We MUST Understand, for too long, our story as a race of people has been told by others who do not look like us. The truth about slaves who worked, fought and died to build this country has been white-washed; with symbolisms such as the rallied support of the Confederacy, that has existed for many years.  So to hear the mayor affirmatively educating and informing the nation about the true history of Africans in America, it really gave me a great sense of respect for the man. Mayor Landrieu revealed the following during his speech.

He said, “New Orleans was America’s largest slave market: a port where hundreds of thousands of souls were bought, sold and shipped up the Mississippi River to lives of forced labor of misery of rape, of torture . America was the place where nearly 4000 of our fellow citizens were lynched, 540 alone in Louisiana; where the courts enshrined ‘separate but equal’; where Freedom riders coming to New Orleans were beaten to a bloody pulp. So when people say to me that the monuments in question are history, well what I just described is real history as well, and it is the searing truth…..”

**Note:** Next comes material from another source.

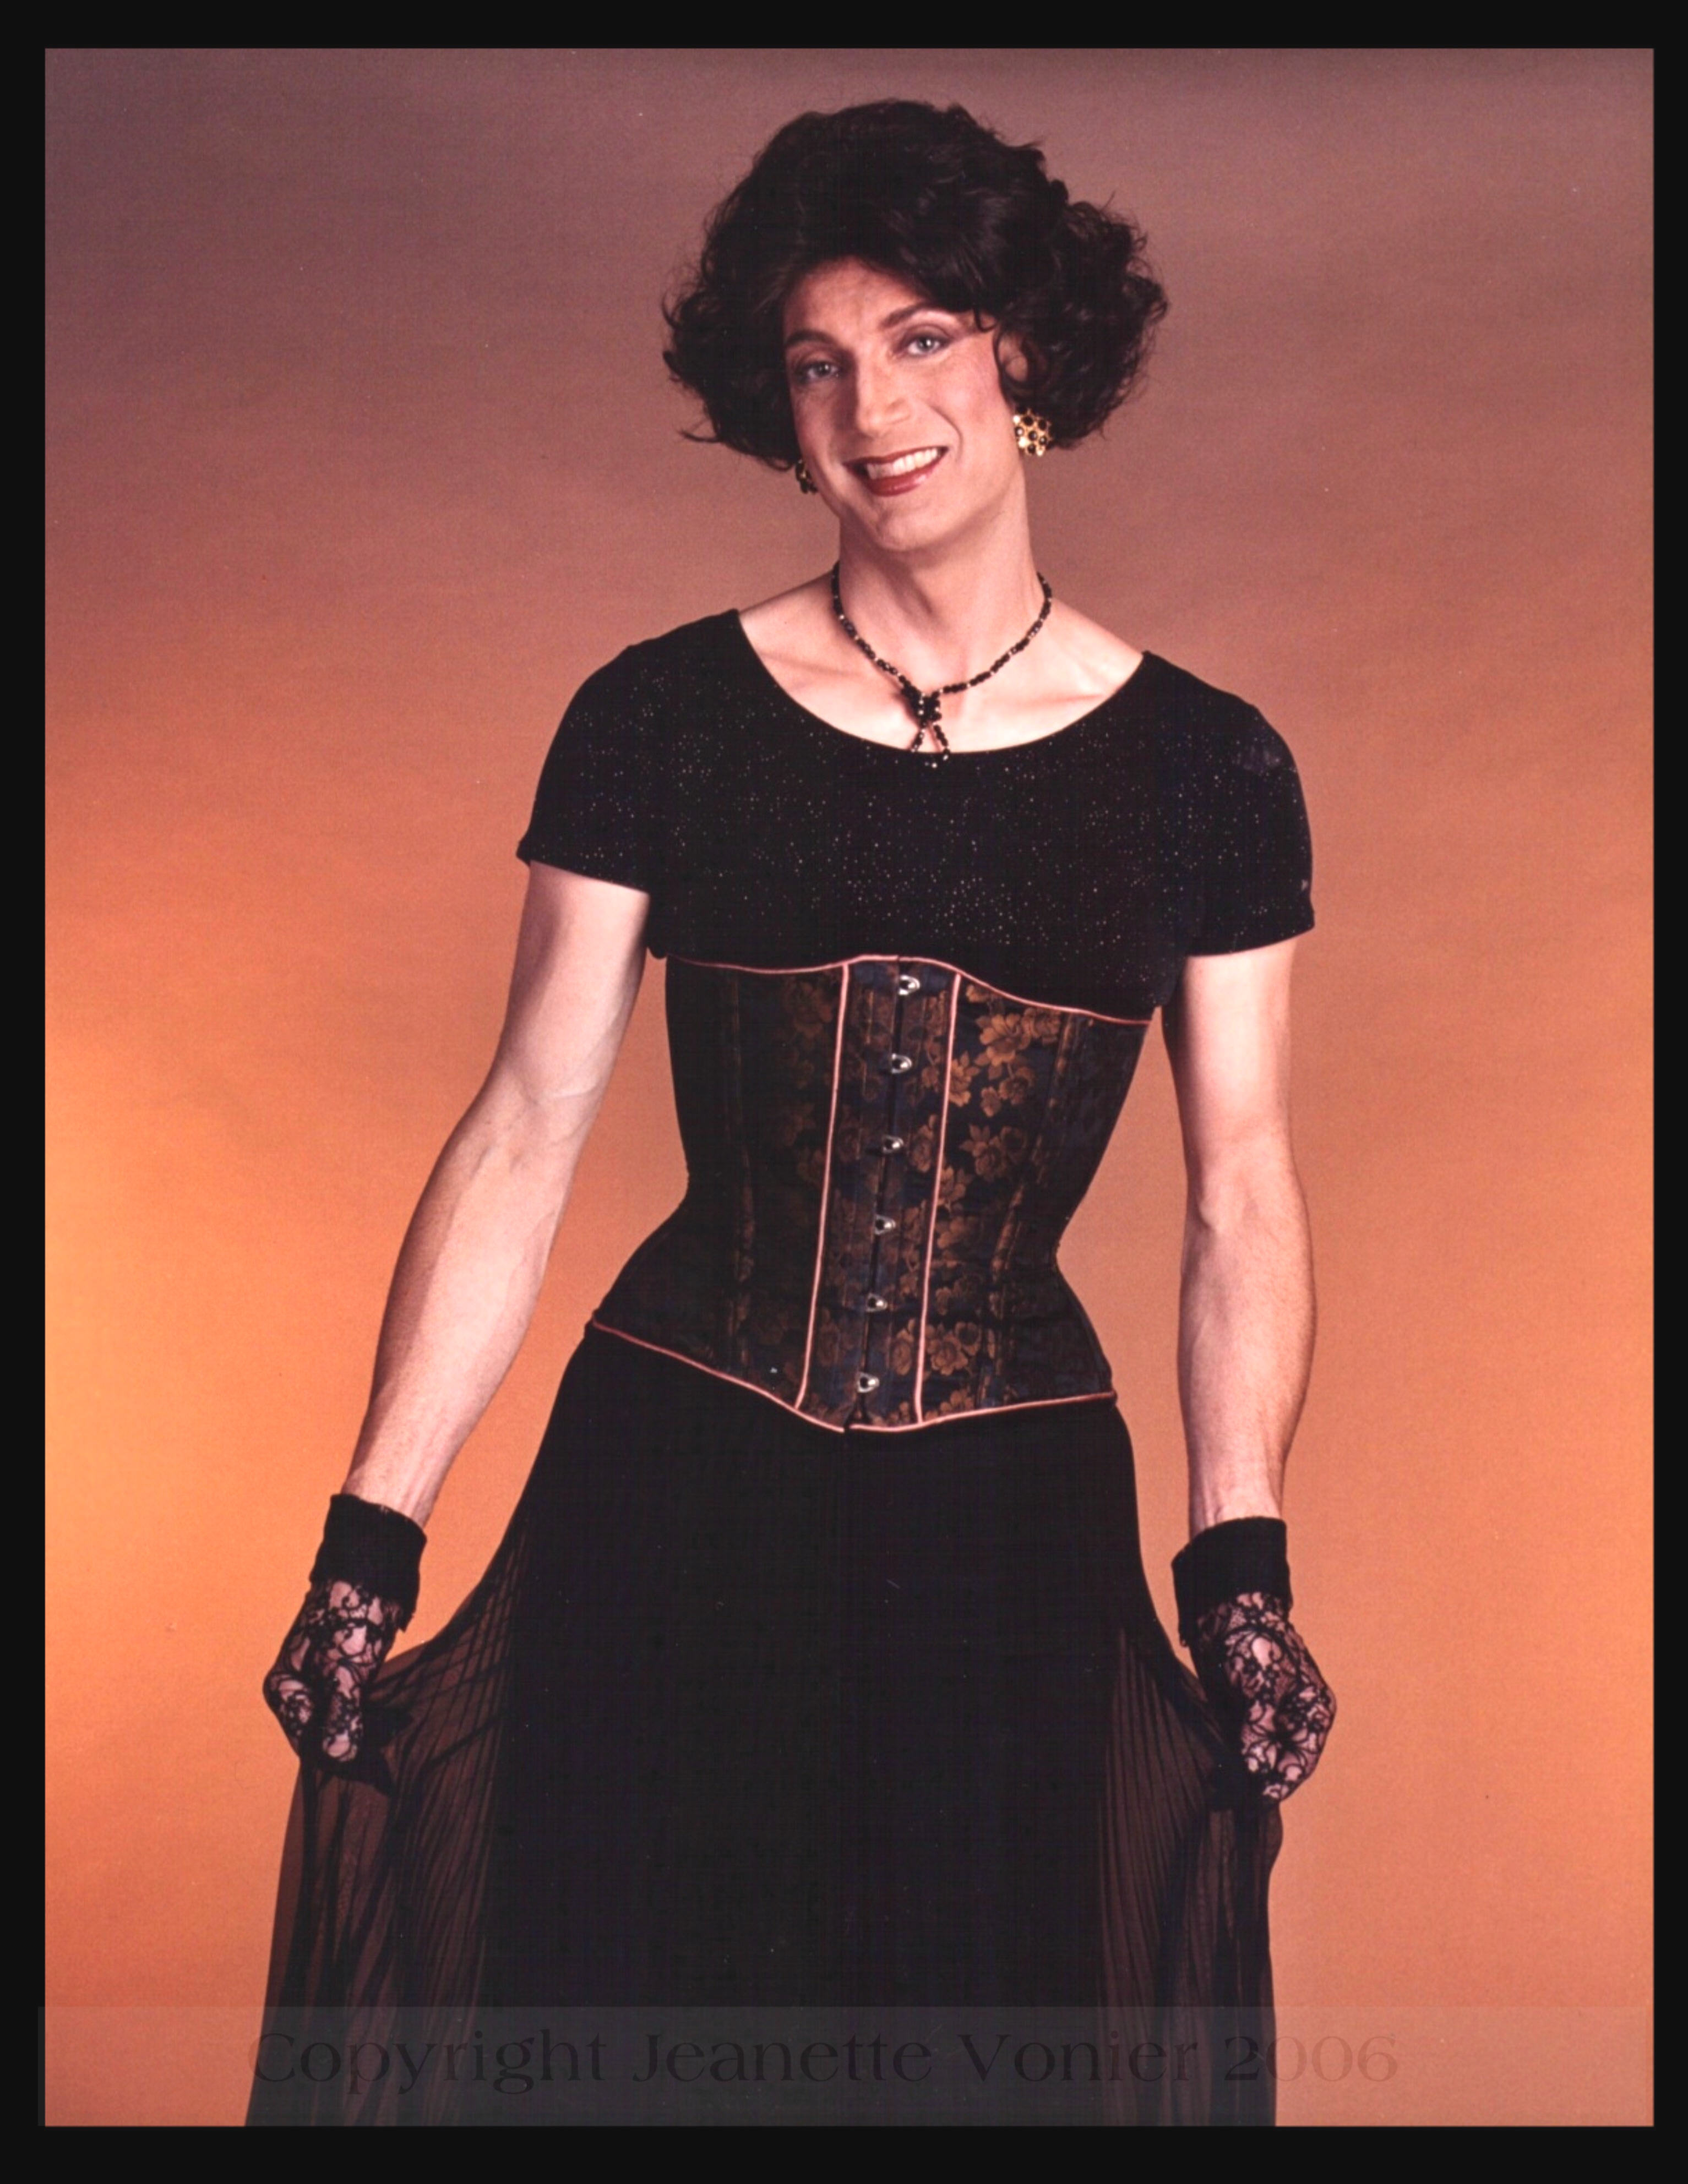 Transgendered Corsetry and Waist Training

He continued to say, “And it immediately begs the questions; why there are no slave ship monuments, no prominent markers on public land to remember the lynching’s or the slave blocks; nothing to remember this long chapter of our lives; the pain, the sacrifice, the shame… all of it happening on the soil of New Orleans. So for those self-appointed defenders of history and the monuments, they are eerily silent on what amounts to this historical malfeasance, a lie by omission. There is a difference between remembrance of history and reverence of it.”

I must state that I admire the courageous move of the Mayor and I believe he should receive a medal for what he did. His efforts have already ignited a spark within other cities, like Baltimore. Mayor Catherine Pugh, of Baltimore has announced that they would like to have their confederate monuments removed as well. While it is a discussion that has been in the air for over a year in Baltimore, it appears that Mayor Landrieu’s bold display has reawakened the issue.

 

 

Though I commend the actions rendered by the Mayor, I must state that it caused me to consider our beloved Houston. In respect to the city of New Orleans, confronting the face and stance of what the Confederate was and stood for, it clearly shows that Houston has a long way to go. Many people live in this city, but have very little idea of what the name “Houston” means and stands for. Houston is named after Sam Houston, who owned at least a dozen slaves, himself. However, history does record that he was the only governor from the South that opposed secession, prior to the Civil War. He refused to swear allegiance to the Confederate States of America and was replaced as governor. However, the fact remains that even though Houston did not appear to want the spread of slavery to reach any further than it already had; he still condoned it within his personal life, by being the owner of slaves. One could easily conclude that his thought pattern was, “Do as I say and not as I do!”             Therefore, in terms of denouncing members of the Confederate and the endless images and historical sites that has been place throughout the nation to reverence them… All I can state is that, Houston has a long way to go. As it is, other cities are implementing measures to remove the momentous symbols that slavery and oppression against our ancestors left in place, in the form of the Confederacy. But, Houstonians have a much larger problem to deal with, because we live in a city that has a name, which is a constant reminder to the horrendous effects of slavery.